Our commercial opportunity could be reduced or eliminated if our competitors develop and commercialize products that are safer, more effective, have fewer or less severe side effects, are more convenient or are less expensive than any products that we may develop. Our competitors also may obtain FDA or other regulatory approval for their products more rapidly than we may obtain approval for ours (if required), which could result in our competitors establishing a strong market position before we are able to enter the market. The key competitive factors affecting the success of all of our programs are likely to be their efficacy, safety, convenience, price, and the availability of reimbursement from government and other third-party payers.

Property and Contact Information

Our principal executive offices are located at 615 Arapeen Drive, Salt Lake City, UT 84108 and our telephone number is 1-800- 560-3983. Our web site address is www.polarityte.com.

On December 1, 2016, we entered into a lease with Paradigm Resources, L.C. pursuant to which we lease approximately 11,000 square feet of office and lab space in Salt Lake City, Utah at a monthly lease rate of $24,044. The office and lab space is located at 615 Arapeen Drive, Salt Lake City, Utah 84108, and the lease commenced on January 1, 2017 and will terminate on March 31, 2018.

On December 27, 2017, we entered into a commercial lease agreement with Adcomp LLC, a Utah limited liability company, pursuant to which we leased approximately 178,528 rentable square feet of warehouse, manufacturing, office, and lab space in Salt Lake City, Utah from the landlord. The initial term of the lease is five years and it expires on November 30, 2022. We have a one-time option to renew for an additional five years. The initial base rent under this lease is $98,190 per month ($0.55 per sq. ft.) for the first year of the initial lease term and increases 3.0% per annum thereafter.

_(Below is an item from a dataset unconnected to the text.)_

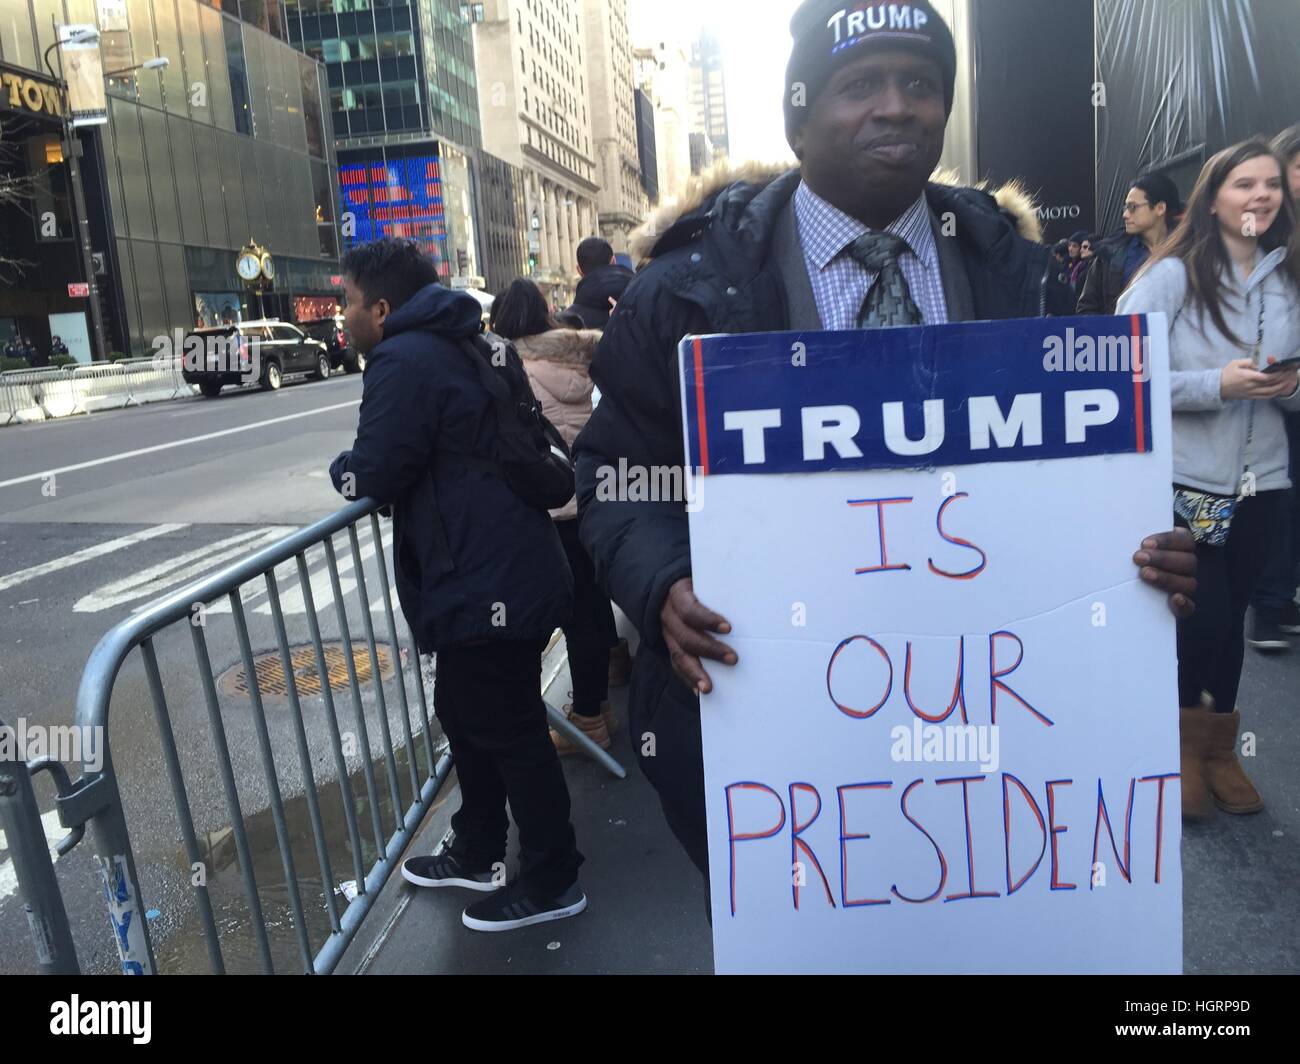 New York, USA. Feb 11, 2017. Un homme tenant une bannière qui se lit "Trump est notre président" à l'extérieur de Trump Tower au cours de la conférence de presse du président élu Trump, à New York, USA, 11 février 2017. Photo : Christina Horsten/dpa/Alamy Live News Banque D'Images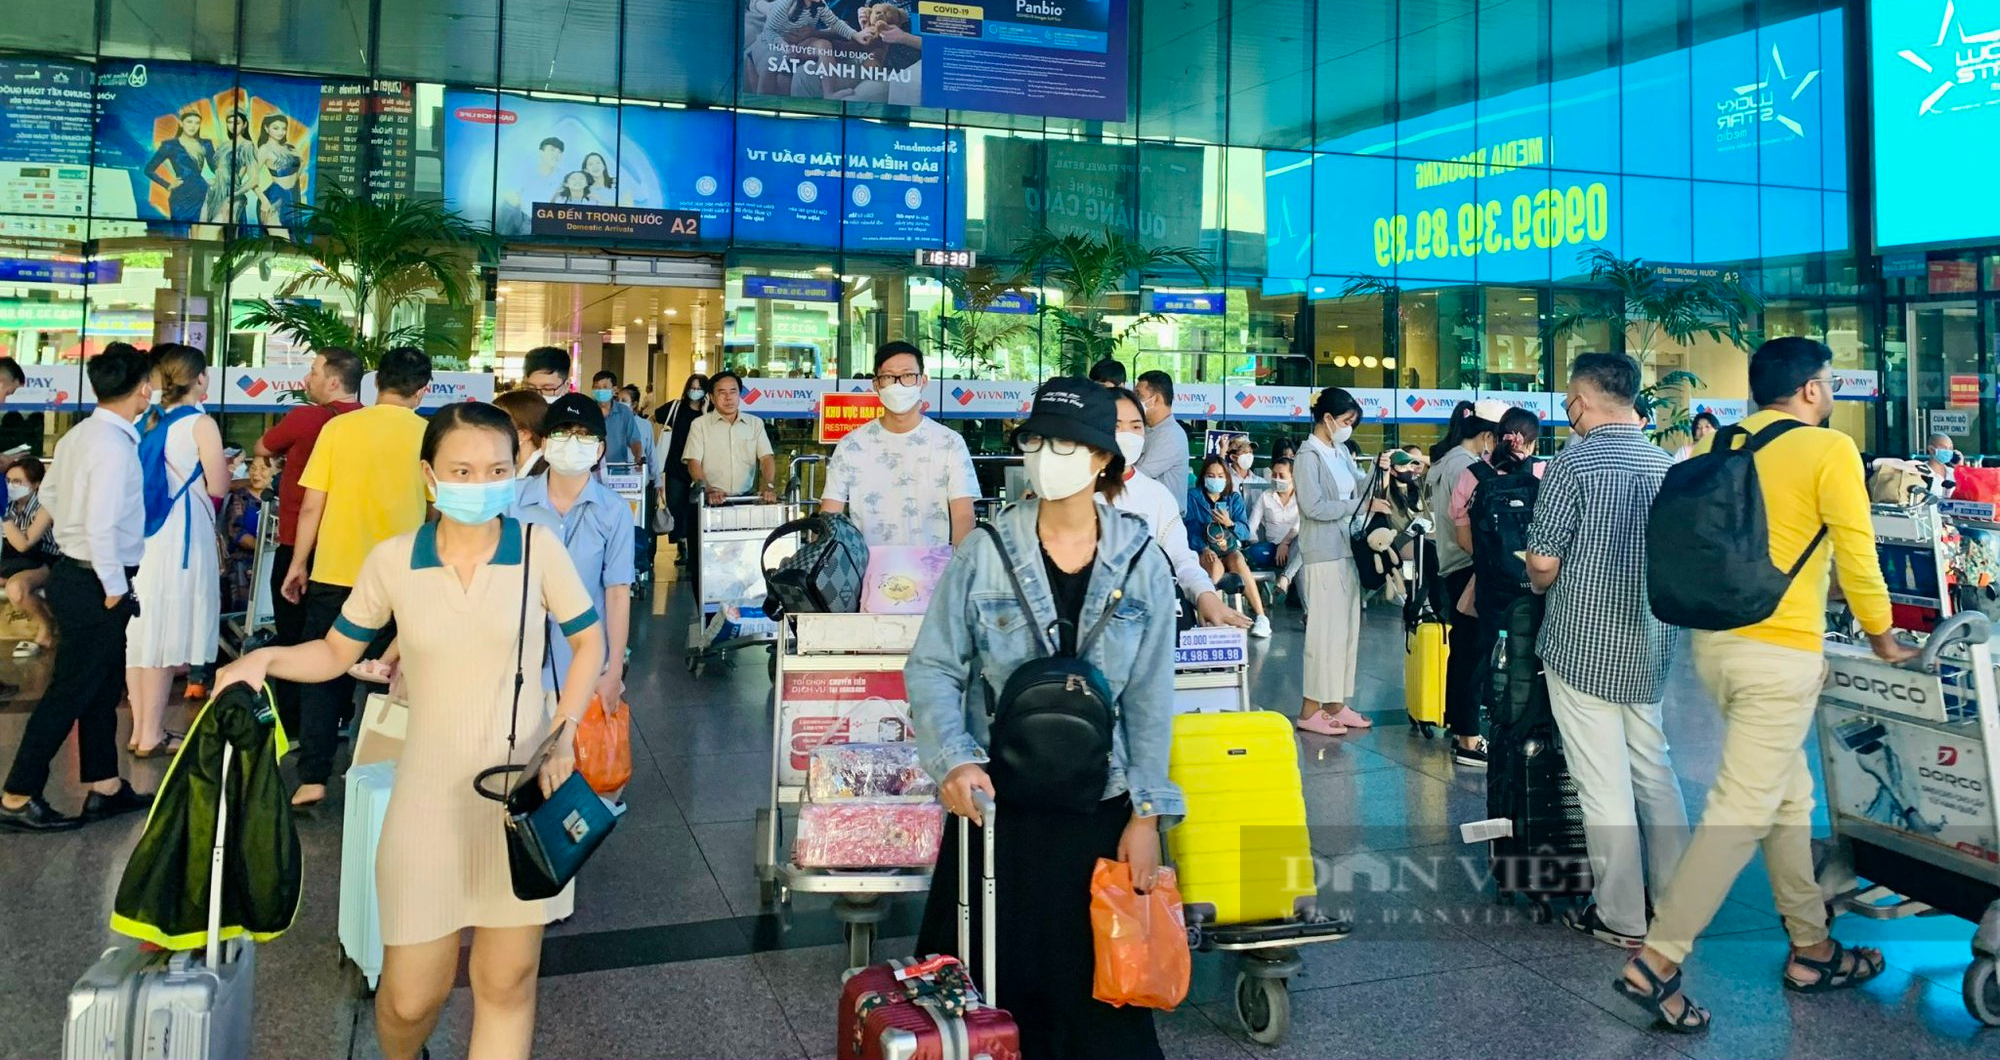 Ngày đầu sau kỳ nghỉ lễ, sân bay Tân Sơn Nhất vẫn chật ních người - Ảnh 1.

We expect that we will require additional facilities to continue our research and development and our commercialization efforts, and are actively seeking suitable locations.

Employees

We had 33 full-time employees as of October 31, 2017.

Legal Proceedings

On February 26, 2015, a complaint for patent infringement was filed in the District Court for the Eastern District of Texas by Richard Baker, an individual residing in Australia, against Microsoft, , Majesco Entertainment Company (“Majesco DE”), and a number of other game publisher defendants. The complaint alleged that the Zumba Fitness game infringed plaintiff’s patents in motion tracking technology. The plaintiff is representing himself pro se in the litigation and is seeking monetary damages in the amount of $1.3 million. The case was subsequently transferred to the Western District of Washington. On June 16, 2017, final judgment was entered in favor of the defendants. The plaintiff has appealed that decision to the Court of Appeals for the Federal Circuit. The appeal is currently pending. On June 23, 2017, as part of a purchase agreement, liabilities and claims relating to this litigation were transferred to Zift Interactive LLC.

Corporate History

On December 1, 2016, Majesco Acquisition Corp., a Nevada corporation and wholly-owned subsidiary of Majesco Entertainment Company, a Delaware corporation (“Majesco DE”) entered into an Agreement and Plan of Reorganization with PolarityTE, Inc., a Nevada corporation (“PolarityTE NV”) and Dr. Denver Lough, the owner of 100% of the issued and outstanding shares of capital stock of PolarityTE NV. The asset acquisition was subject to shareholder approval, which was received on March 10, 2017 and the transaction closed on April 7, 2017. In January 2017, Majesco DE changed its name to “PolarityTE, Inc.” (“PolarityTE”). Majesco Acquisition Corp. was then merged with PolarityTE NV, which remains a subsidiary of PolarityTE. Majesco Acquisition Corp. II, formed in November 2016 under Majesco Entertainment Company, remains a wholly-owned subsidiary of PolarityTE.

Previously, Majesco Holdings Inc. (formerly ConnectivCorp) was incorporated in 2004 under the laws of the State of Delaware. As a result of a merger, Majesco Sales Inc. became a wholly-owned subsidiary and the sole operating business of Majesco Holdings Inc., which changed its name to Majesco Entertainment Company (Majesco DE, as identified above). Majesco DE developed and published a wide range of video games on digital networks through its Midnight City label, including Nintendo’s DS, 3DS, and WiiU, Sony’s PlayStation 3 and 4, or PS3 and PS4, Microsoft’s 360 and Xbox One and the personal computer, or PC. On May 2, 2017, Majesco Entertainment Company, a Nevada corporation, or Majesco NV Sub, and wholly owned subsidiary of PolarityTE, was formed, into which all of the assets and liabilities of this gaming business were placed.

On June 23, 2017, PolarityTE sold the Majesco NV Sub to Zift Interactive LLC, a Nevada limited liability company, pursuant to a purchase agreement. Pursuant to the terms of the agreement, PolarityTE sold 100% of the issued and outstanding shares of common stock of Majesco NV Sub to Zift, including all of the right, title and interest in and to Majesco NV Sub’s business of developing, publishing and distributing video game products through mobile and online digital downloading.